The Second Temple Jewish view of preexistence is virtually absent in our world of Christian congregants. When a post-modern interpreter thinks of preexistence, it is generally not with the opinion that God's foreknown purpose was thought to have preexisted the reality. Greeks (westerners) tend toward thinking in terms of abstract metaphysics and ontological categories. If Jesus preexisted (whatever that actually means), he must therefore of necessity have existed in some other form (i.e. logos theology) before entering the womb of Mary. 

When biblical titles like Son of God are redefined by using later definition, it is not difficult to see how the shift in this thinking occurred. With neo-Platonism governing the overall approach to biblical hermeneutics, and the spark of creativity in the air, the Patristics - and eventually the councils - replaced the NT (based on OT use) Son of God with a philosophically contrived God the Son. Thus, a new "orthodoxy" was born. It threatened - under the pain of excommunication and eternal damnation - that its definitions and dogmas must be unquestioningly accepted for salvation (Athanasian Creed). Jesus was subsequently torn out of his Hebraic world and placed into another. Geza Vermes put it well in The Authentic Gospel of Jesus

“Compared to the dynamic religion of Jesus, fully evolved Christianity seems to belong to another world.”

The use of Jewish foreknowledge and pre-ordination was ripped from its own context and sculpted around a twisted philosophical template of John's Gospel. 

"This man [Jesus], delivered over by the predetermined plan and foreknowledge of God" Acts 2:23 (c.f. 1 Peter 1:2).

 God already had it predetermined; the plan was there, but did not make its appearance upon the stage of humanity until it literally came into existence. It did, or was said to exist in a different way before its revelation.

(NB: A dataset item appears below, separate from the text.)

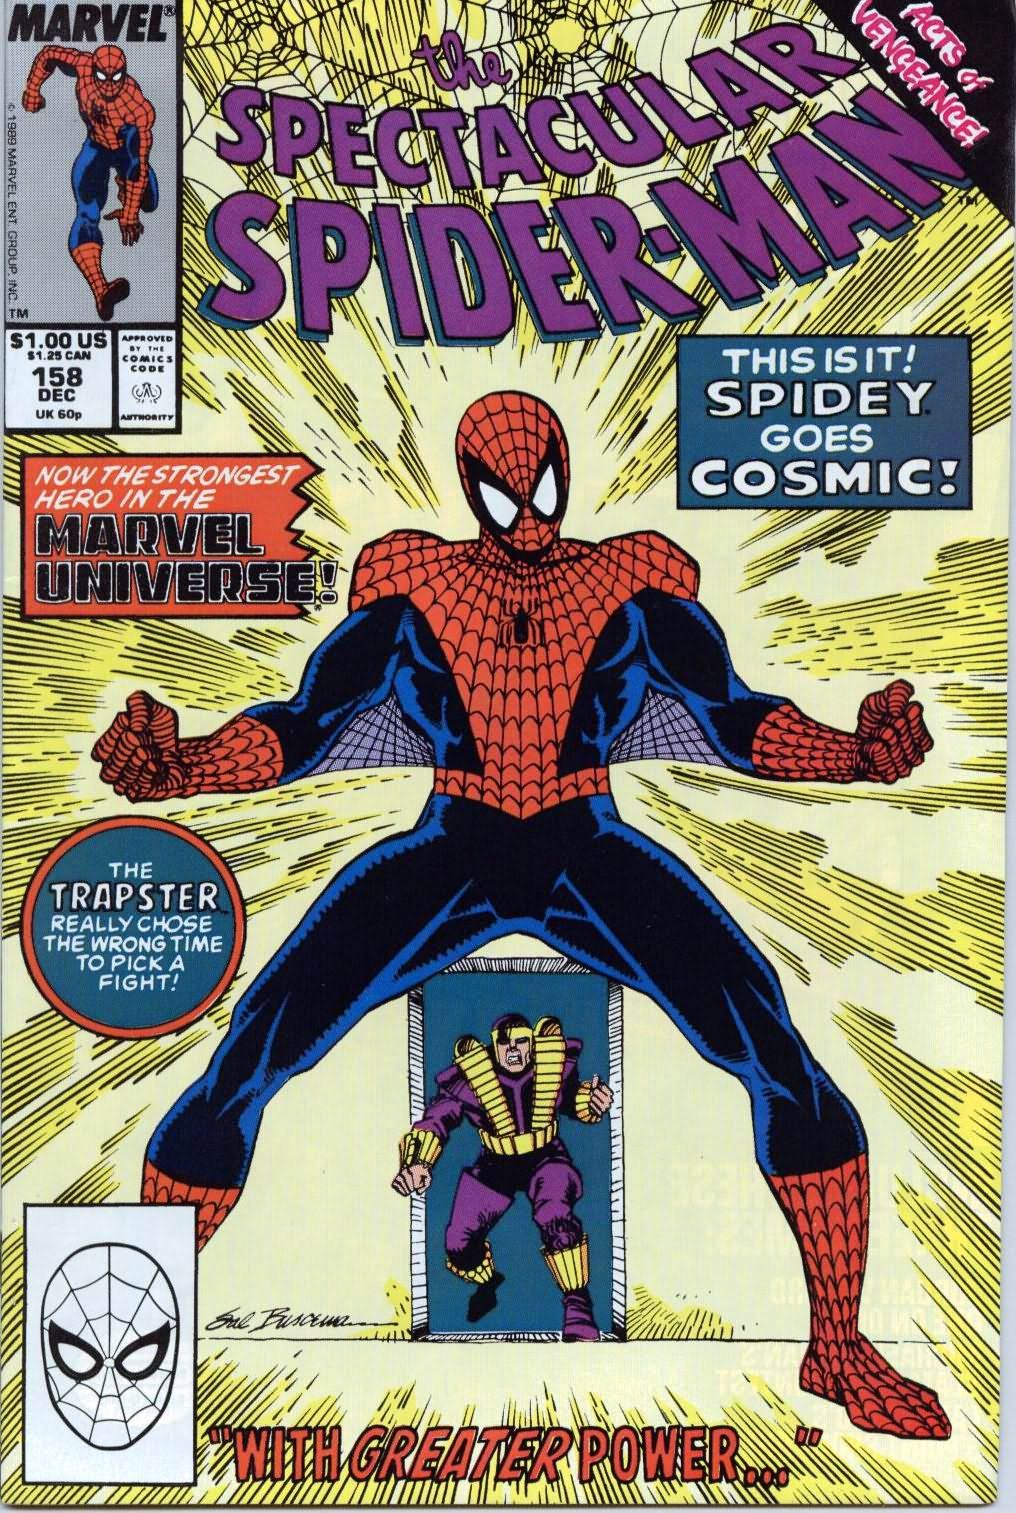 Amazing Spider-Man gets cosmic power

The New Schaff-Herzog Encyclopedia of Religious Knowledge, “Revelation” says it well,

"God avails Himself of human thought and speech to make Himself known and His speech intelligible." 

He does not reveal himself in illogical or intangible ways. However, it must be qualified that just because traditional Christianity has based much of its belief on tradition and has muddied the waters, does not mean it was difficult and challenging to the original hearers. The NT and OT are thoroughly Jewish collections of writing. Its writers were Jewish, and most of its audience was Jewish (obviously there are intended Gentile recipients within the Pauline corpus). Post-modern readership has approached their interpretive reading with a Greek (western) perspective, this cannot be helped. It has been handed down from the church and early post-biblical creeds which neglected the context and cultural significance of utmost importance, that Jesus was a Jew who thought and taught in Rabbinical Jewish ways with Jewish interpretations, hermeneutics and categories. It is a person of ignorance who claims that they can close their eyes and ears to this reality. Our savior was a Jew and came into existence by birth, not, as Irenaeus has it: 

"This Christ passed through Mary just as water flows through a tube." 

This is something radically different from Matthew and Luke’s description that Jesus was brought into existence inside Mary, by the power of God. Greg Deuble in his book, They Never Told Me This in Church noted that 

"Protestants who deplore tradition-bound Roman Catholics because they revere Church tradition above the Scriptures fail to see that in some areas they are just as bound to tradition, i.e. to long held interpretations of Scriptures."

J. R. D. Kirk I believe summarized it well, 

“We sometimes see divinity where the text doesn’t require it because that is the theology we bring with us to the text.”